Registered in Wyoming in July, Levi Sap Nei Thang LLC is one of her companies, with offices claimed in seven states. Additionally, her cosmetics business operates out of Los Angeles, while a foundation established in honor of her late daughter is headquartered in Missouri. She became a public figure in the Burmese immigrant community, describing herself on Facebook as a successful businesswoman, and a philanthropist. CNN reports that she is the deputy director of Myanmar Pavilion, which says she was appointed by the previous government of Aung San Suu Kyi.

== Music career ==
In 2026, Levi Sap Nei Thang released the album Childhood Memories, a 15-track collection described as a tribute to her parents and formative years. The album features songs in multiple languages, reflecting her background in Chin State and her fluency in Burmese. Notable tracks from the album include "I Was The Girl," "Gum & Sweet," and "I Was Bullied."
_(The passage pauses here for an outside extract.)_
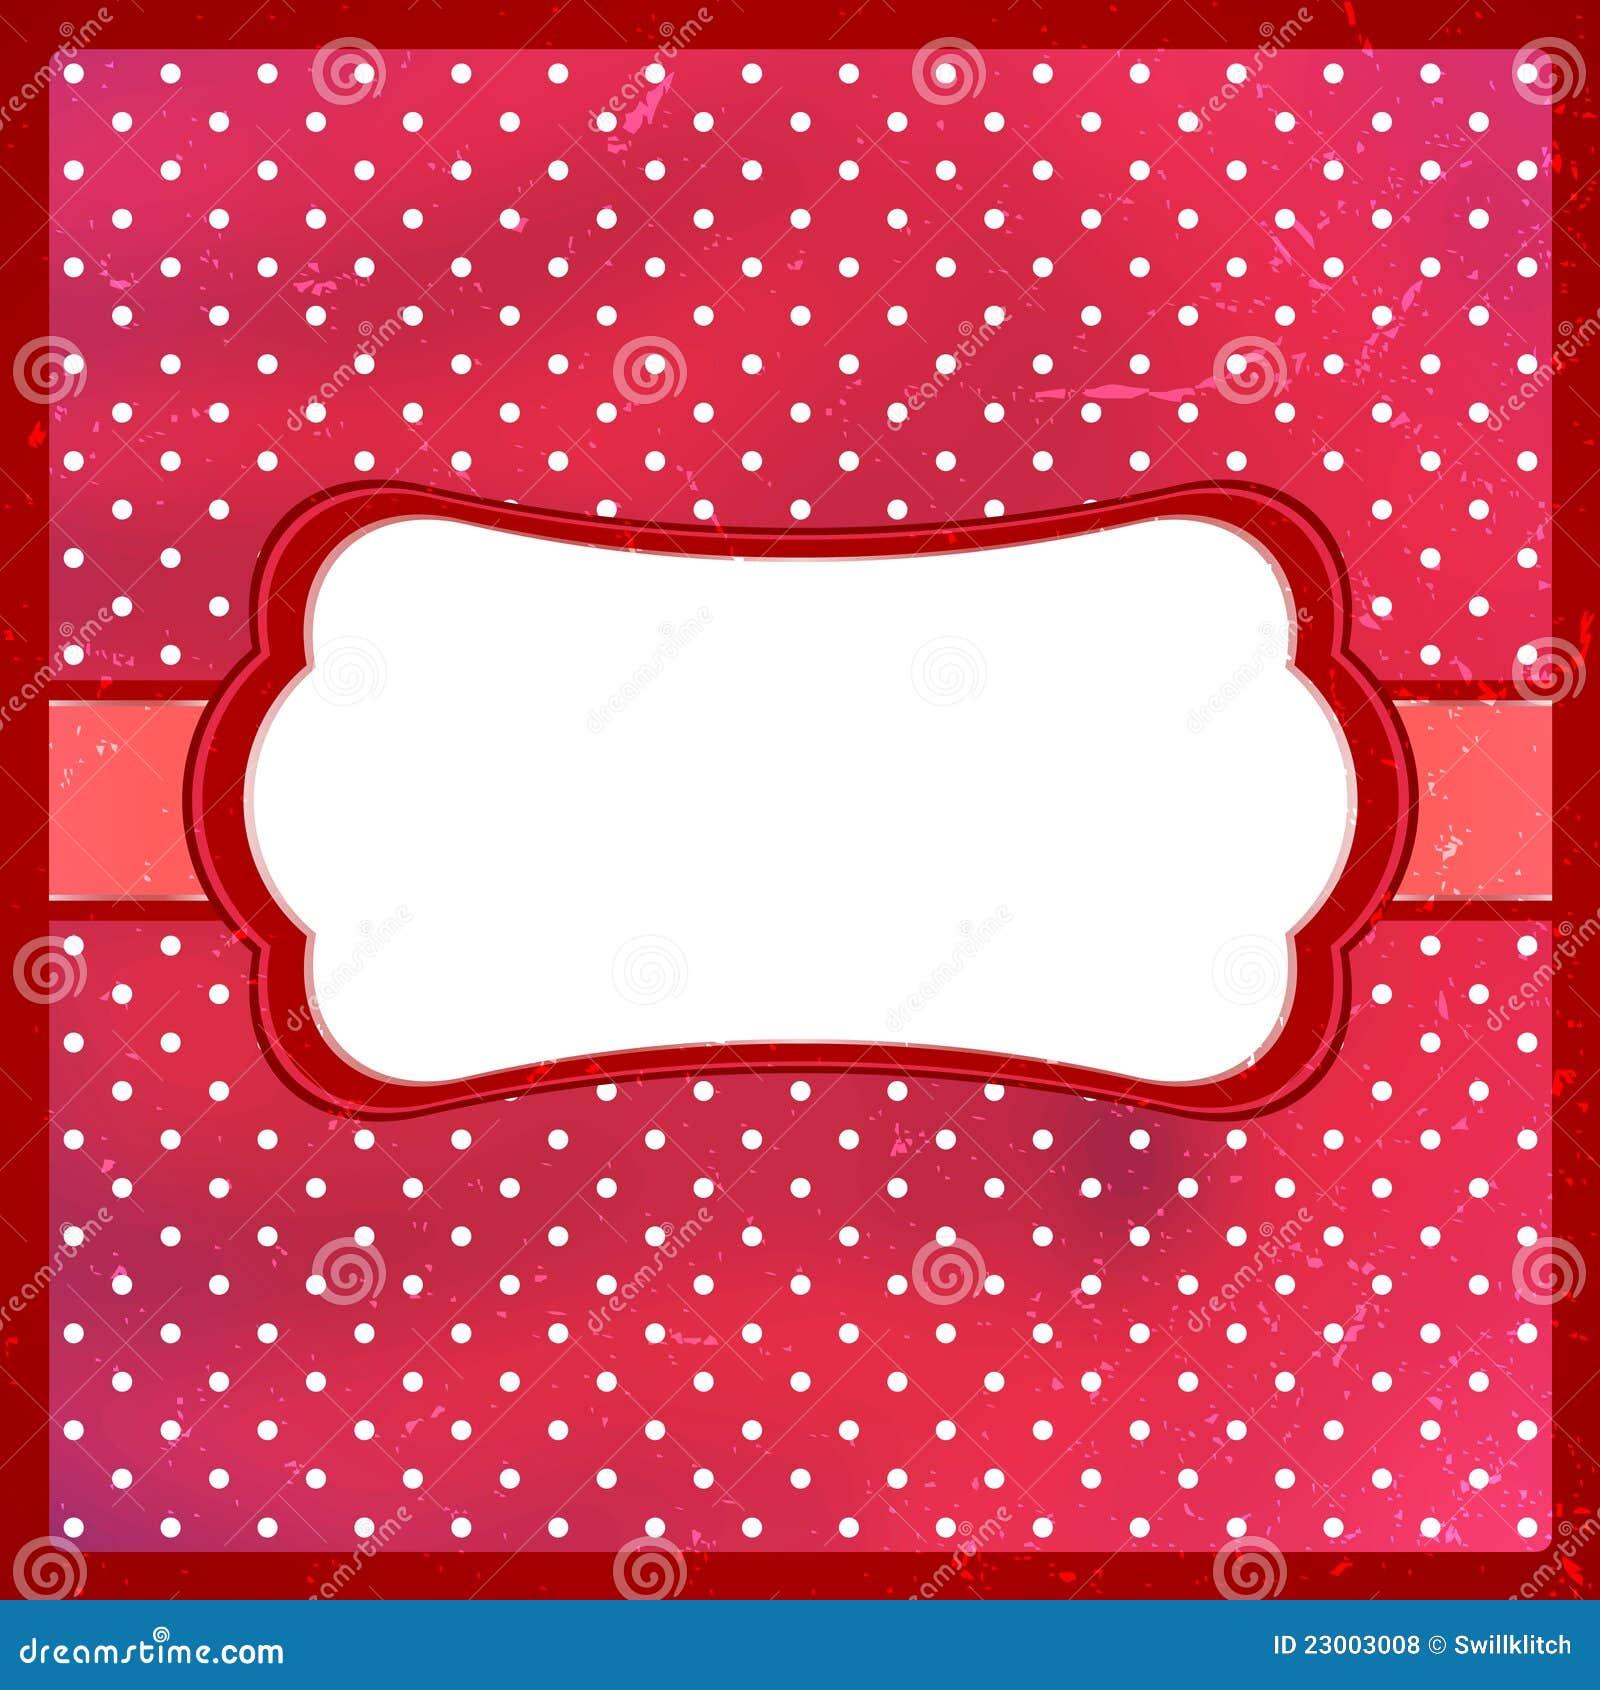 Red Polka Dot Border Clip Art

My Little Offering is a Christian gospel album by Levi Sap Nei Thang, released on February 14, 2026. The album comprises 15 tracks, including nine English songs and six multilingual renditions in Arabic, Chinese, Hebrew, Hindi, Malay, and Persian. It was released on major music streaming platforms worldwide.

Prior to her international career, she represented indigenous communities in Myanmar, performing patriotic songs on national television and at official state banquets. Her musical style is characterized by a blend of personal storytelling, faith-based themes, and cultural identity.

=== Humanitarian ===
Levi founded the charitable organization I Love Myanmar in 2001, which has provided many relief aids to the people affected by Cyclone Nargis since 2008. Her daughter died while she was supporting the victims of the cyclone. She has donated the Intensive Care Unit (ICU) to Yangon Children's Hospital and medicines to other hospitals in Chin State in memory of her daughter Emanuel. She has also established the Emanuel Foundation.

She donated 286 houses for storm survivors in Daukkyi and Thechaung, Bogale, the southern part of Myanmar. The donation was accepted by Brig-Gen Kyaw Myint, the Deputy Minister of Social Welfare, Relief, and Resettlement of Myanmar.

Levi was married to Daniel Lim who for many years was CEO of the International House of Prayer (IHOPKC), alongside Mike Bickle who, in 2023, confessed to sexual misconduct.